На том и простились.
«В конце концов, – думал Куражоблов, поднимаясь по трапу самолёта, – это очень хорошо, что по всему миру в нужных местах сидят наши люди. Кто-то ведь должен помогать движению позитивных процессов. И вообще…»
А Скрыбочкин, оставшись во дворце, погрузился в прежнее простодушное времяпрепровождение. Пообещав себе ни в чём более не затрудняться, он твёрдо придерживался избранной позиции, и был этим вполне доволен. Свою жизненную перспективу он представлял светлой и ясной, как привольная морская даль при безоблачной погоде. Или как колосящееся золотистыми хлебами широкое русское поле. И, представляя так, Скрыбочкин не видел ни единой причины, по которой он мог бы обмануться в своих ожиданиях.
Сумерки рассудка
– Что за праздник? – спросил у сотрудников вошедший в лабораторию профессор Зиновий Чмонов.
– У меня сегодня мать померла, – сообщил младший научный сотрудник Тарас Шашель, пошевелив стаканом с медицинским спиртом. – Утром телеграмму получил… Вот, отмечаем.
– Понятно, – профессор Чмонов налил себе полстакана. – Поздравляю. То есть, наоборот, конечно. Соболезную, в общем.
Все выпили.
– Как там новый подопытный? – поинтересовался профессор. – Живой пока?
– Не то слово, – погрустнел лаборант Максентий Бздлохматов. – Повышенной дозой сегодня его облучили, а эта зараза вместо жалоб на здоровье умудрился уборщицу чуть не отдрючить и литровый баллон спирта уворовать.
Огорчённо крякнув, Чмонов налил себе ещё полстакана. Все последовали его примеру и снова выпили.

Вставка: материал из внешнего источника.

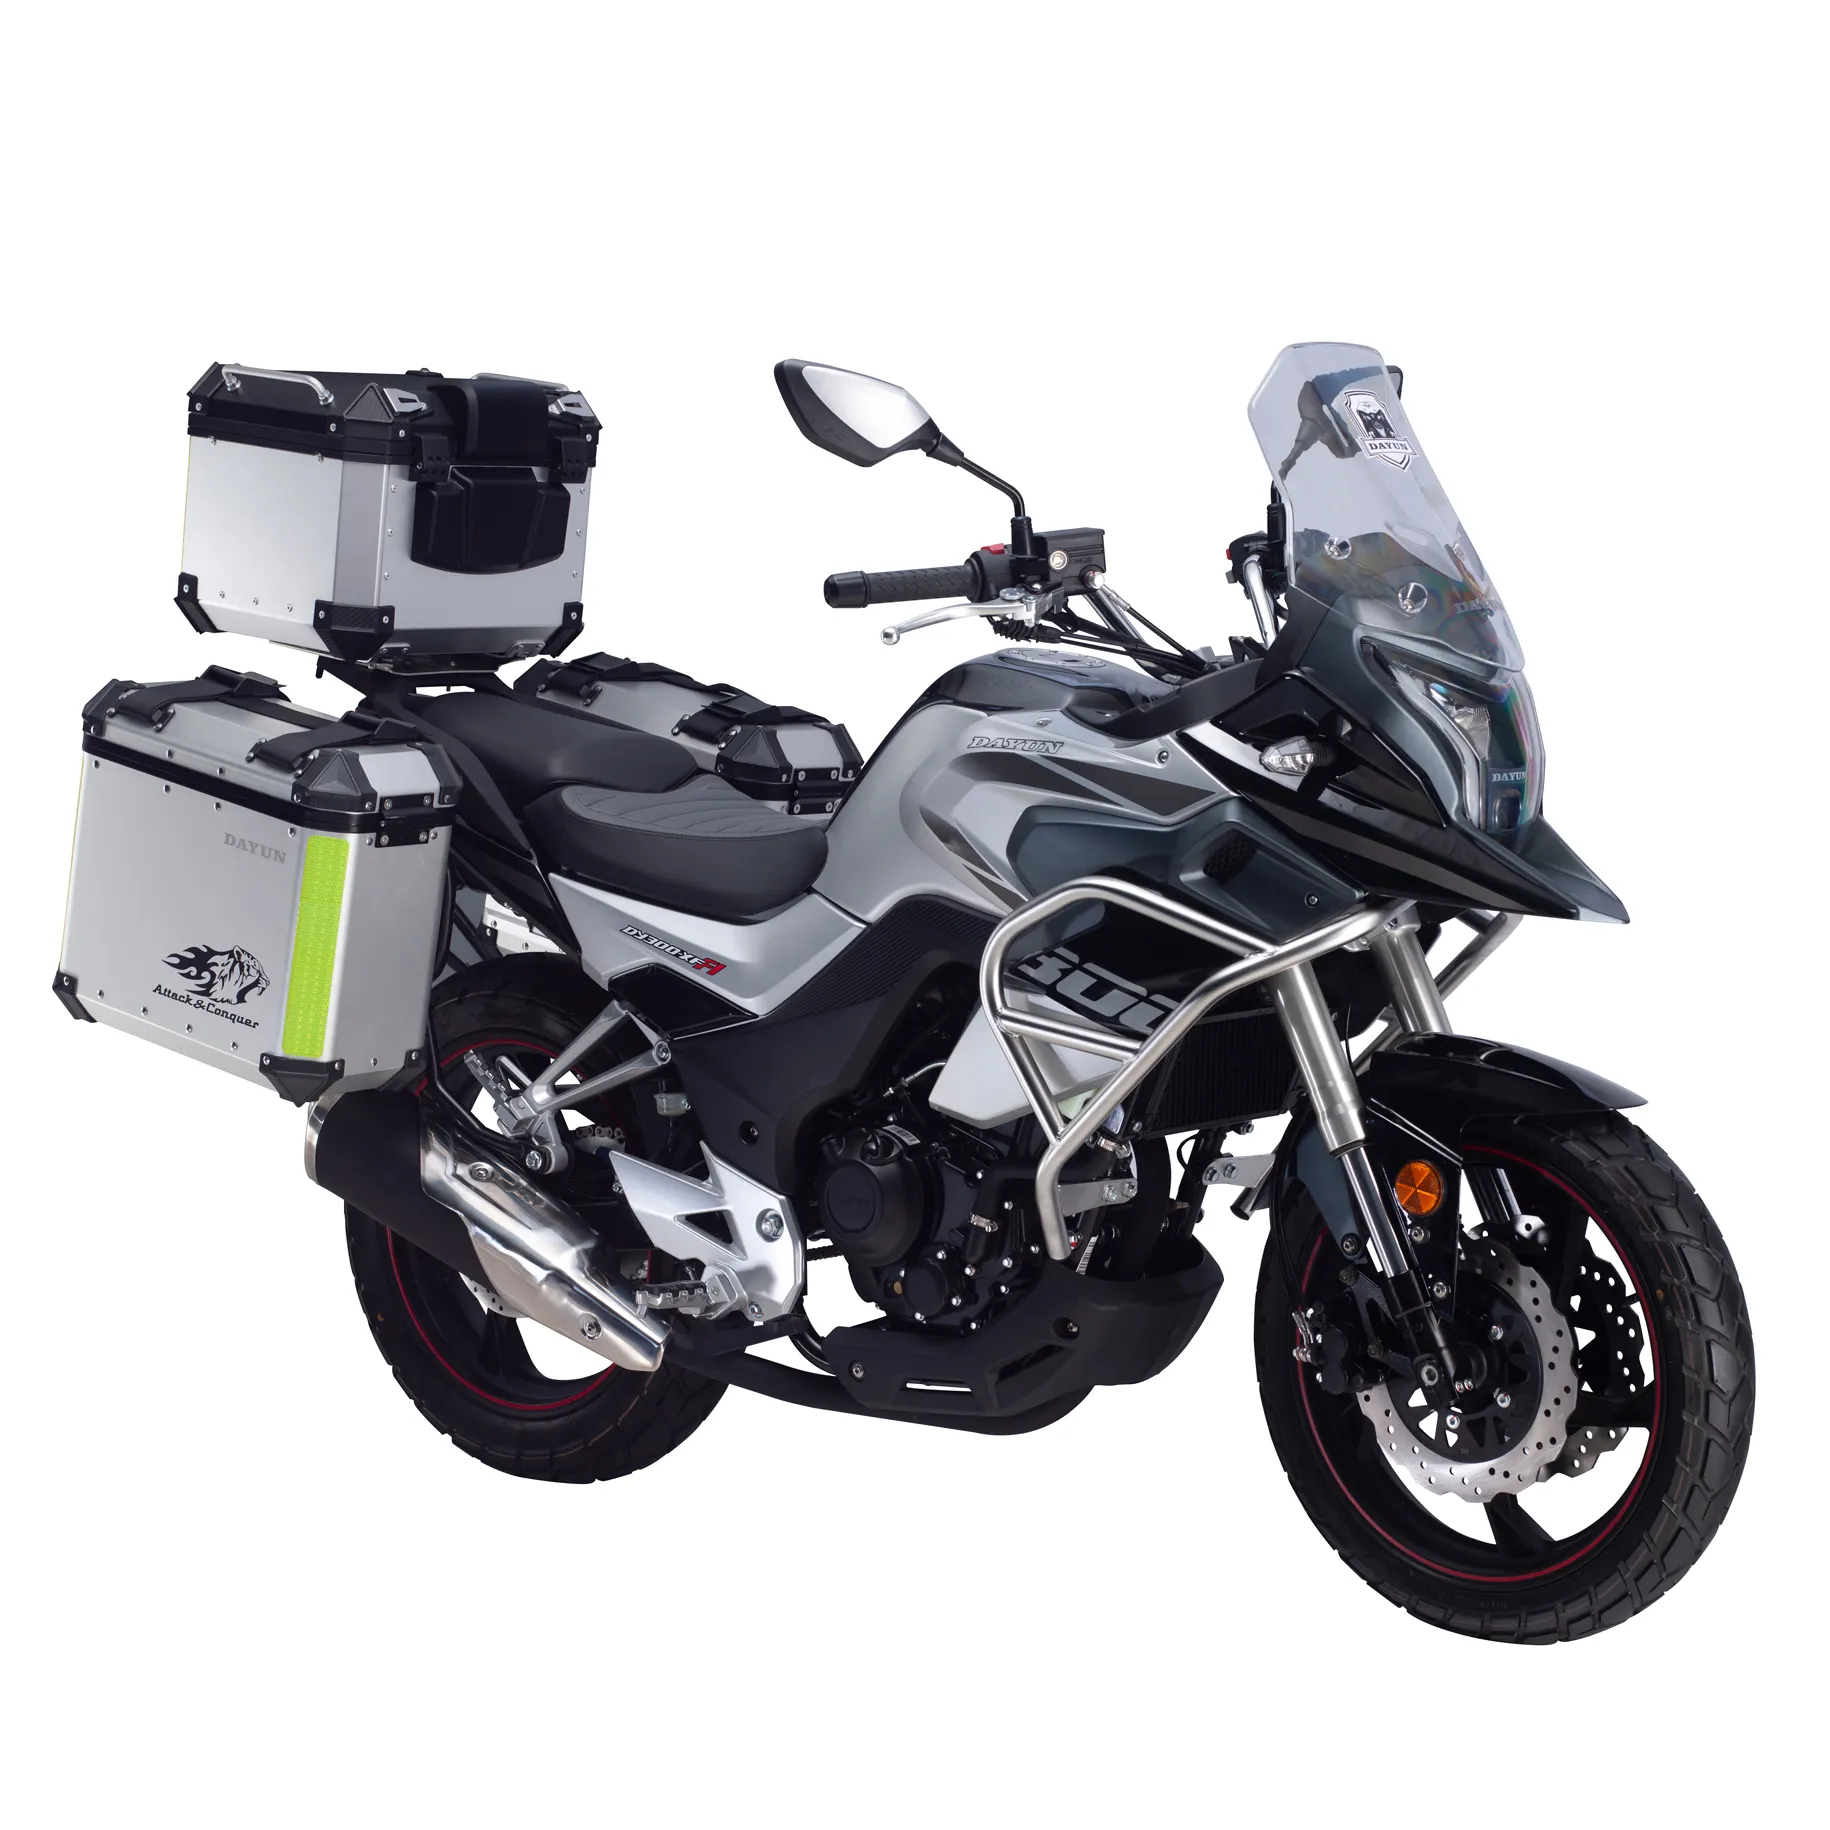 גבוהה-איכות ספורט אופנוע תוצרת סין, גדול-עקירה ספורט רכב עבור בני נוער, DAYUN 250cc/300cc

После этого они двинулись в помещение, где содержались подопытные. Здесь сидели в клетках нищие, прокажённые и бродяги – все в грязных лохмотьях, изъеденные микробами и антисанитарией… Дело в том, что описываемая лаборатория находилась в Пакистане и предназначалась для секретных опытов по воздействию радиации на человеческий организм. Подопытный материал добывался путём повальных облав среди городских трущоб, в нелегальных борделях, курильнях опиума и других злачных местах. Персонал лаборатории состоял исключительно из беглых российских учёных ввиду их неимоверной дешевизны.

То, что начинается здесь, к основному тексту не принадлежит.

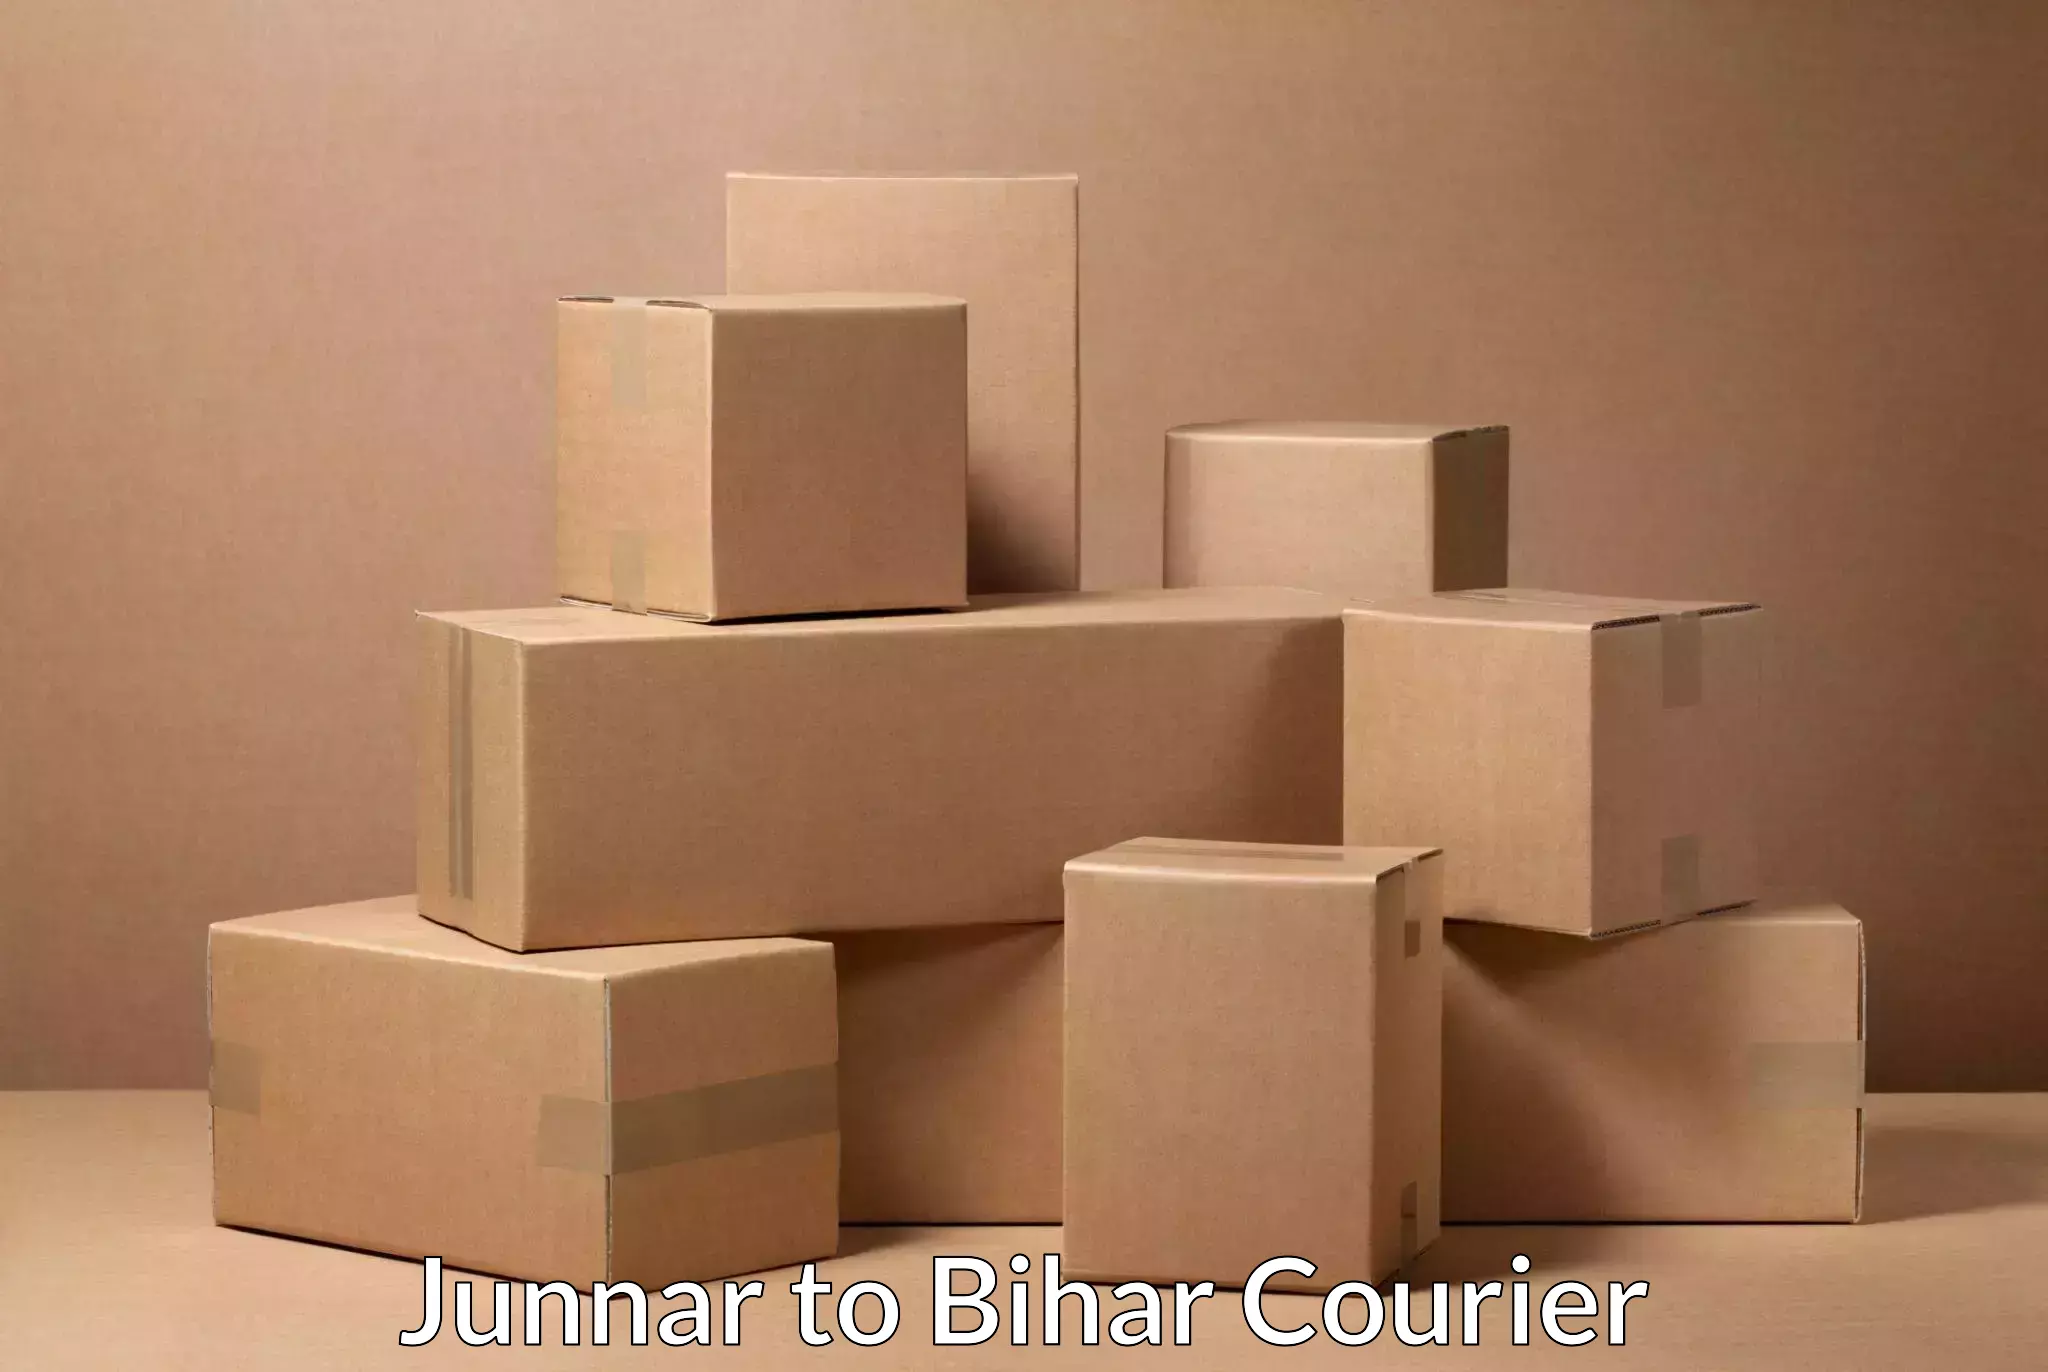 Customer-centric shipping in Junnar to Hasanpura

Упомянутые учёные вошли в клетку к новенькому, который спал на вонявшей мочой подсыпке из опилок, храпя и пуская носом нетрезвые пузыри.
– А ну-ка! Вставай, вонючий энимал! – беззлобно пнул его сандалией лаборант Бздлохматов.
Новичок мгновенно схватился на ноги и, свирепо вращая глазными яблоками, расставил ноздри навстречу вошедшим:
– Хто такие? Предъявите документы! – хотел гаркнуть он; однако его голос от некондиционных жидкостей утратил напор и львиную часть прежних регистров, потому вышло нечто хриплое и слабовнушительное:
– Х-х-хто-ткие! Пр-р-р-дкнты!
Видимо, подопытный не удовлетворился произведённым впечатлением, ибо не замедлил для ясности обрушить нечеловеческий кулак на первого попавшегося; каковым оказался мэнээс Пантелей Отрыжко. Которого сотрудники торопливо выволокли в бессознательном состоянии, заперев за собой клетку; и, уворачиваясь от швыряемых в них изо всех клеток кусков засохшего дерьма, поспешно ретировались.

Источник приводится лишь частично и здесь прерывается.